How does one top a genre-defining album? By releasing 28 tracks that covers all of the bases, including hard rockers, sweet ballads, and melodramatic movements. Simultaneously criticized as bloated and pretentious along with praise for fulfilling potential, Mellon Collie and the Infinite Sadness catapulted The Smashing Pumpkins to a height Billy Corgan had always dreamed his band would reach. Working with producer Flood, whose work includes Violator by Depeche Mode, Corgan created an ostentatious sound that matched the sound of his ’70s music idols David Bowie, Cheap Trick, and Queen. Released on October 24th, 1995, and preceded by the smash “Bullet with Butterfly Wings,” Mellon Collie was a commercial blockbuster.

And it seemed for about 18 months, the Smashing Pumpkins could do no wrong, as they were front and center in the music media spotlight. Just as Butterfly Wings began to lose steam, 1979 became a huge hit, and when that started to fall down the charts, “Tonight, Tonight” became a permanent fixture on MTV’s playlist, culminating in the “Best Video” award at the 1997 VMA’s.
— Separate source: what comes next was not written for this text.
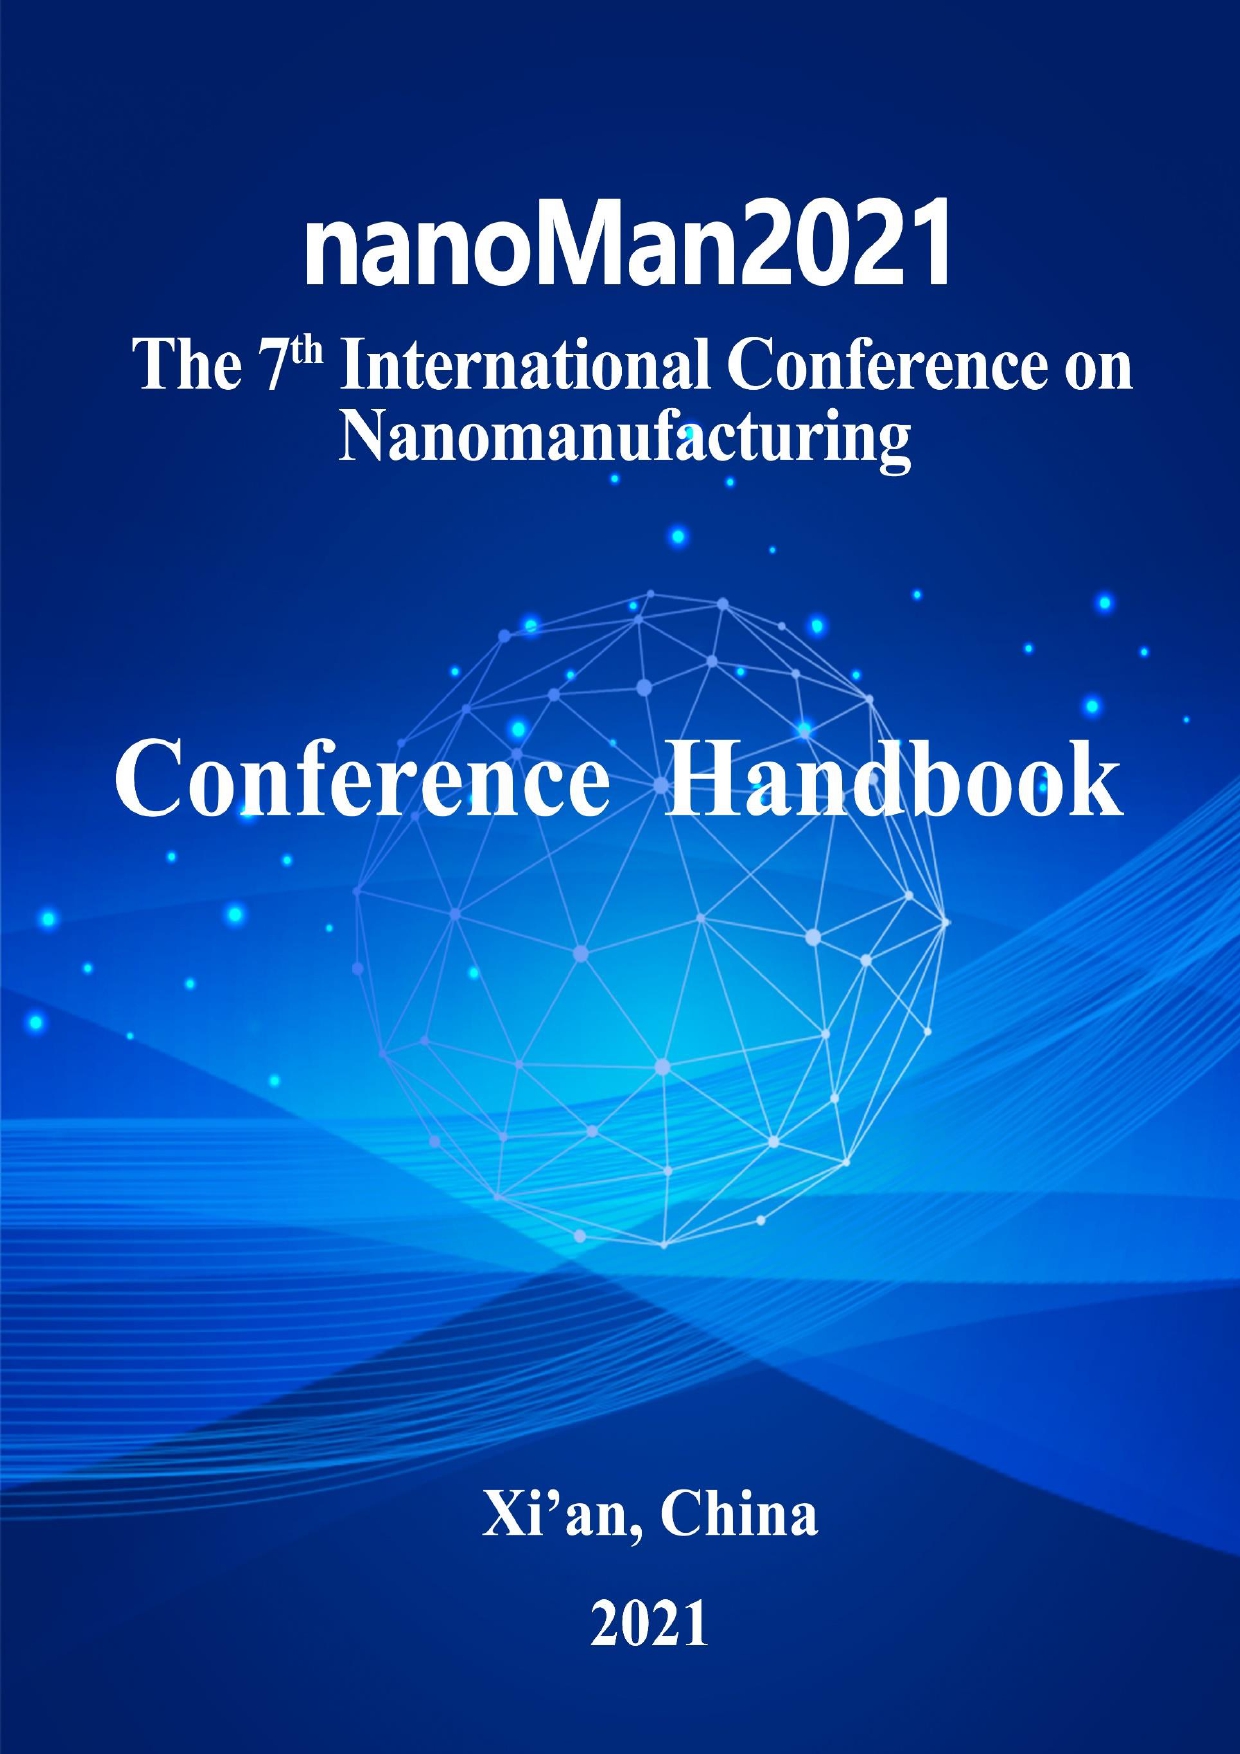 nanoMan2021Conference Handbook11.16_page-0001.jpg

That is not to say it was all roses for the Pumpkins. Those 18 months (almost entirely spent on the road) saw interband strife and legal troubles, culminating with the death of Jonathon Melvoin of a heroin overdose. The touring keyboard player, Melvoin had become close with Pumpkins drummer Jimmy Chamberlain, bonding over their love of music and drugs. Chamberlain had been partying with him in the room (he was the one who called 911) and was promptly arrested on drug possession charges. During the maelstrom of media scrutiny, Corgan unceremoniously dumped his good friend and founding member. Getting Filter’s Matt Walker to finish the tour, the Pumpkins carried on without much time to reflect. When the tour ended, they took a short sabbatical and recollected themselves.

It was rumored that Corgan and company where going to go into an electronic direction, especially of the announcement that there would not be a replacement for Chamberlain. People got their first chance to hear the Pumpkins new sound with the release of “Eye” for the soundtrack of David Lynch’s film Lost Highway. While it was no “Bullet with Butterfly Wings,” the fan base was overwhelmingly positive for the track, and became a live favorite.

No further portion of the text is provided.